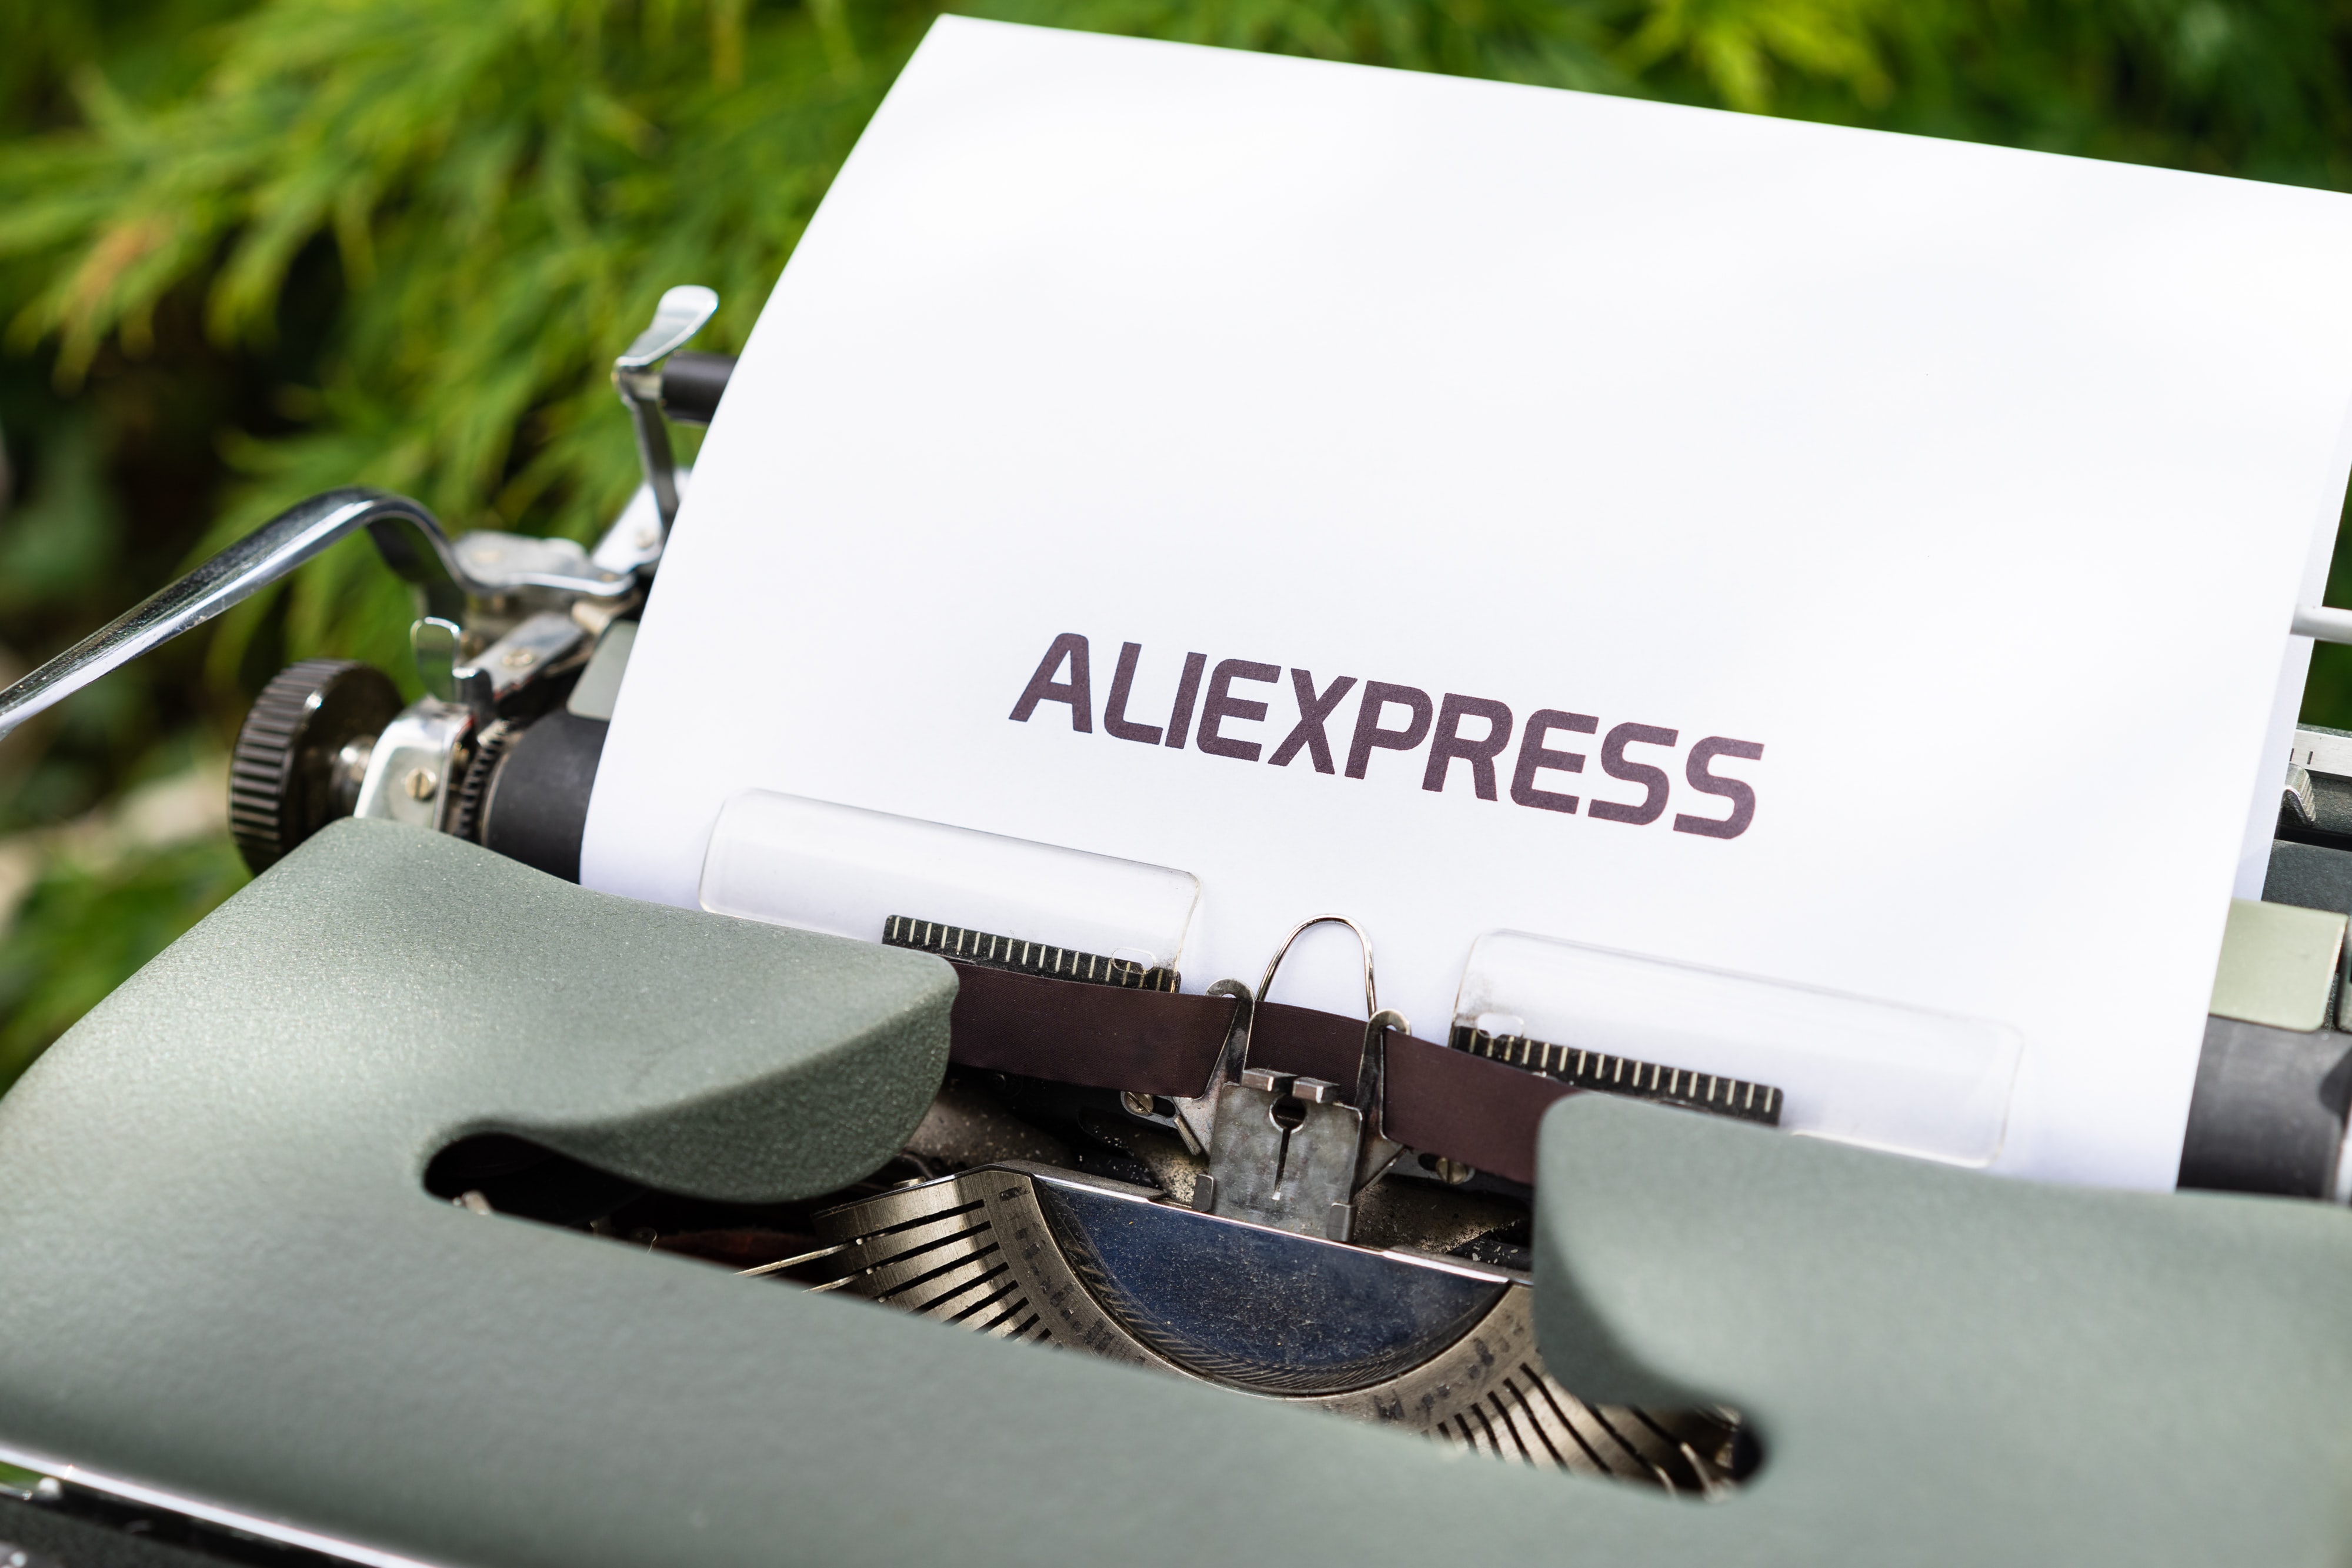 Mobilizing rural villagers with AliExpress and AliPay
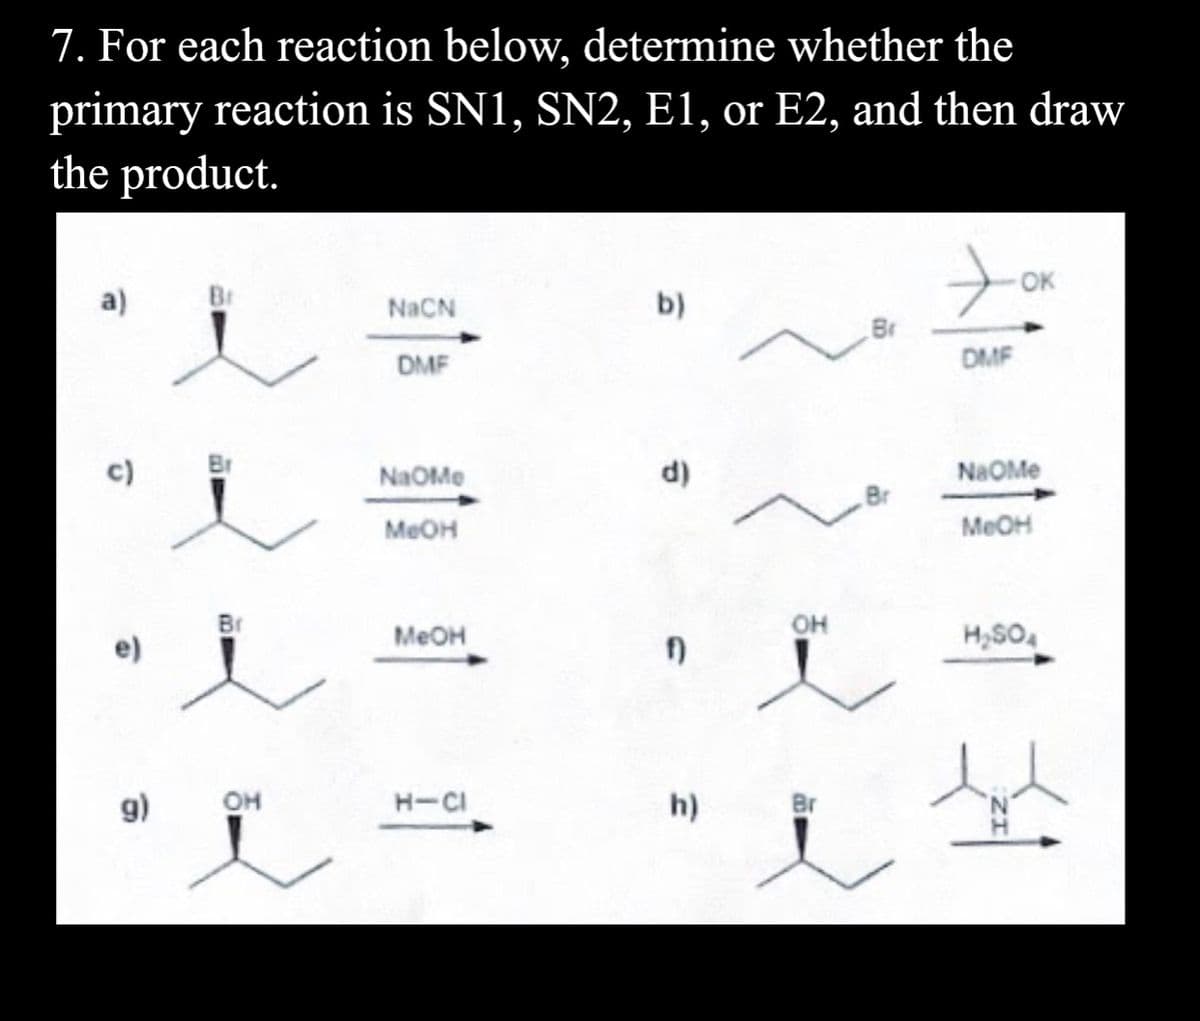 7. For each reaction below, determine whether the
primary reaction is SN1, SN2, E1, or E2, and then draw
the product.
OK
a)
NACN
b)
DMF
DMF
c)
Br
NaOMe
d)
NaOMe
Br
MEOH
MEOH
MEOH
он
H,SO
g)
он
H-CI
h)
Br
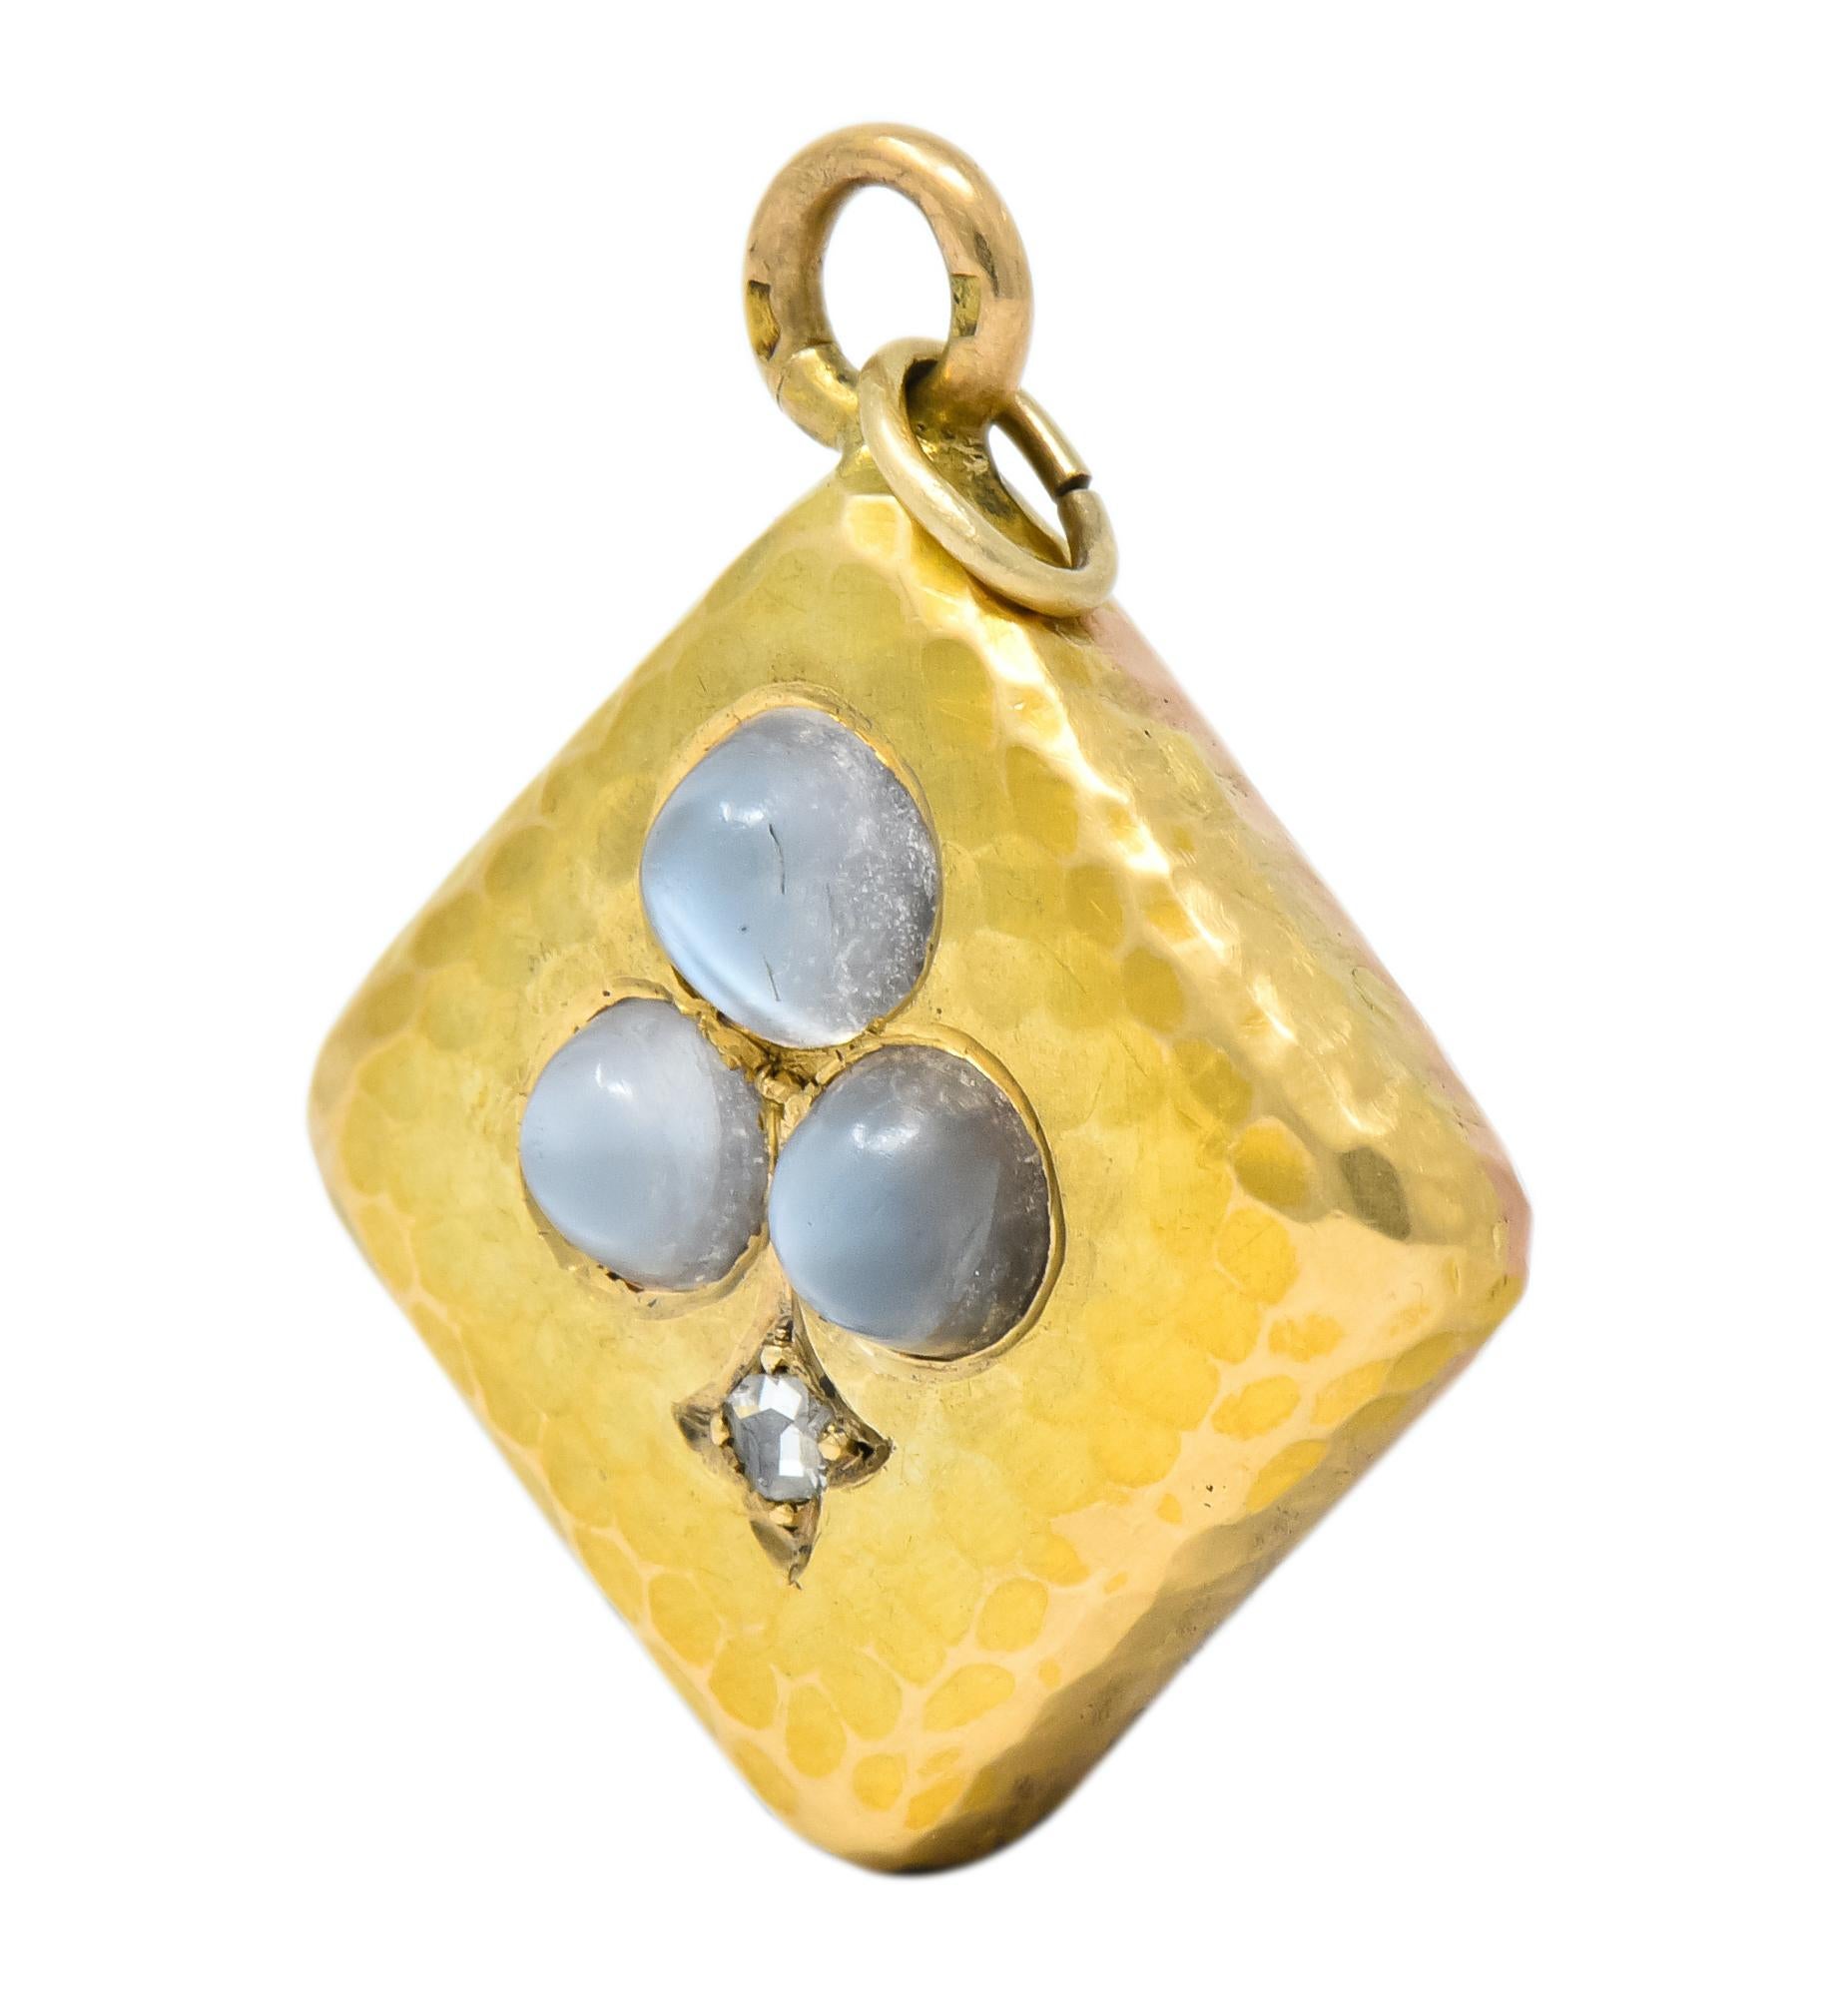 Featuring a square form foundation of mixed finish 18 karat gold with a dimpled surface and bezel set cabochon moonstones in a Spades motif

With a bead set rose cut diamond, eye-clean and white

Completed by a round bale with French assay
------
#### [What you should do]
Every entry must be transcribed exactly. Pictures do not belong in the copy.

#### [Expected answer]
 Mobilizing rural villagers with AliExpress and AliPay
 7. For each reaction below, determine whether the
primary reaction is SN1, SN2, E1, or E2, and then draw
the product.
OK
a)
NACN
b)
DMF
DMF
c)
Br
NaOMe
d)
NaOMe
Br
MEOH
MEOH
MEOH
он
H,SO
g)
он
H-CI
h)
Br
 Featuring a square form foundation of mixed finish 18 karat gold with a dimpled surface and bezel set cabochon moonstones in a Spades motif

With a bead set rose cut diamond, eye-clean and white

Completed by a round bale with French assay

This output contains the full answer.